Betty Williams is out of a job after 40 years at Valley Hospital Medical Center, and she said it’s because she wants a fair union contract for her co-workers.

The Valley Hospital employees represented by Culinary Local 226 have worked without a contract since the end of 2016, and more than 250 union members, including Williams, picketed at the hospital on Wednesday evening to help spur a resolution.

Williams, 60, who worked in the environmental services (cleaning) department at Valley, said she faced increased scrutiny at work as she became more involved with labor negotiations and was fired in late June.

“I was very active in the union, and the more active I became, they came after me more,” she said.

Culinary Local 226 represents about 100 workers at Valley Hospital, including those in the housekeeping department, cooks, cashiers and kitchen workers. They were joined on the picket line Wednesday by Culinary workers at other companies.

A Valley Hospital spokeswoman did not address Williams specifically but offered a statement Tuesday ahead of the protest:

“We regret that the union has chosen to employ this confrontational tactic and has repeatedly distributed inaccurate or misleading information rather than working to resolve its concerns at the bargaining table,” the statement said.

“We will continue to engage in good faith negotiations. We are committed to reaching a durable and modern contract that reflects the needs of our operations, supports the highest quality patient care, and provides opportunity and a rewarding, collegial workplace for our Dietary and Environmental Services staff who are covered by this collective bargaining agreement.”

A Culinary spokeswoman said Williams was one of four union leaders who had been fired by Valley and that the hospital had also suspended a union organizer from coming onto the property.

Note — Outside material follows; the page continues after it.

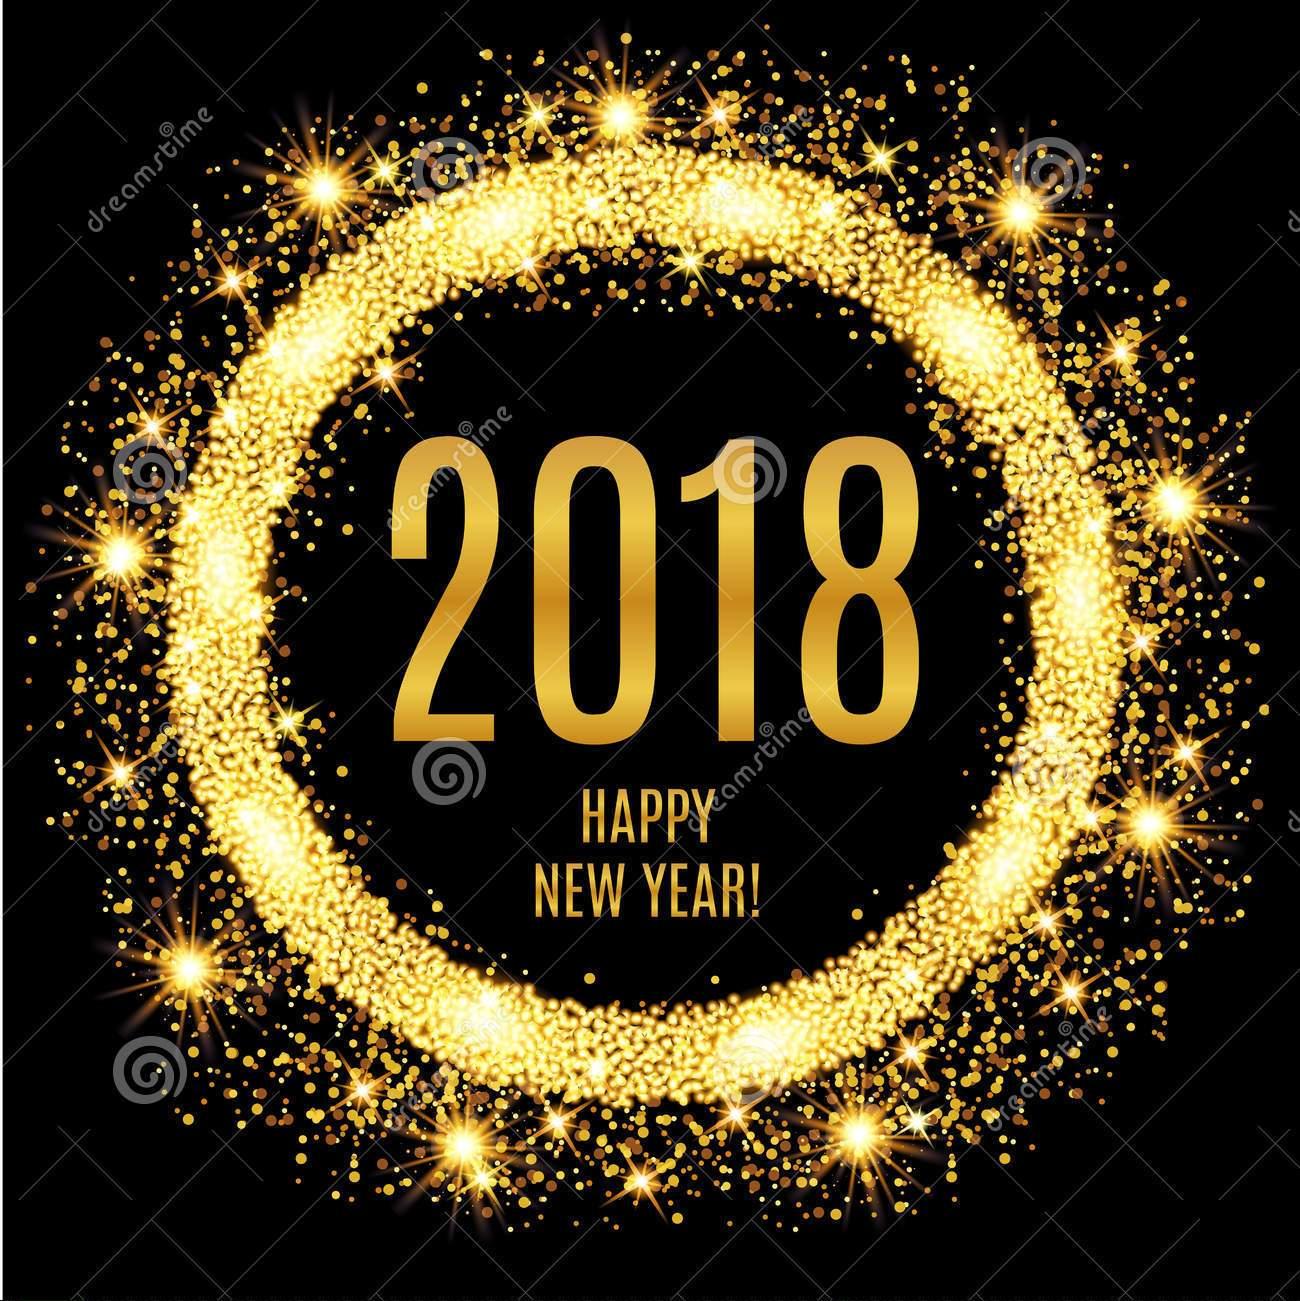 Waheguru ji Free Happy New Year 2018 HD Wallpapers for Computer & Phone

Ted Pappageorge, Culinary’s secretary-treasurer who was on the picket line Wednesday, said Valley Hospital was “not new to firing workers for union activity,” but he called Williams’ firing “the most egregious yet.”

“A woman who was a 40-year employee with a clean record but was a union activist on the negotiating committee, and Valley decided to send a chilling message to the rest of the workforce by firing her unjustly,” he said.

Pappageorge said the union was scheduled for more negotiations with hospital administration Thursday, but he was not optimistic. He said the hospital is trying to cut the workers’ union health plan and pension, despite the plaudits they received for toiling as “essential workers” during the coronavirus pandemic.

“Workers sacrificed to do whatever it takes to make sure this community got served, but now when it comes time to right this incredible wrong that Valley Hospital has wrought on their workers, when it comes time for Valley Hospital to settle up, they basically are stabbing workers in the back,” Pappageorge said.

Williams said she hoped to regain her job after a contract was signed.

“I told my co-workers, just because they let me go, you fight harder,” she said. “You fight stronger, you get together, you get your people together, you talk to them, you tell this company what you want in the contract.”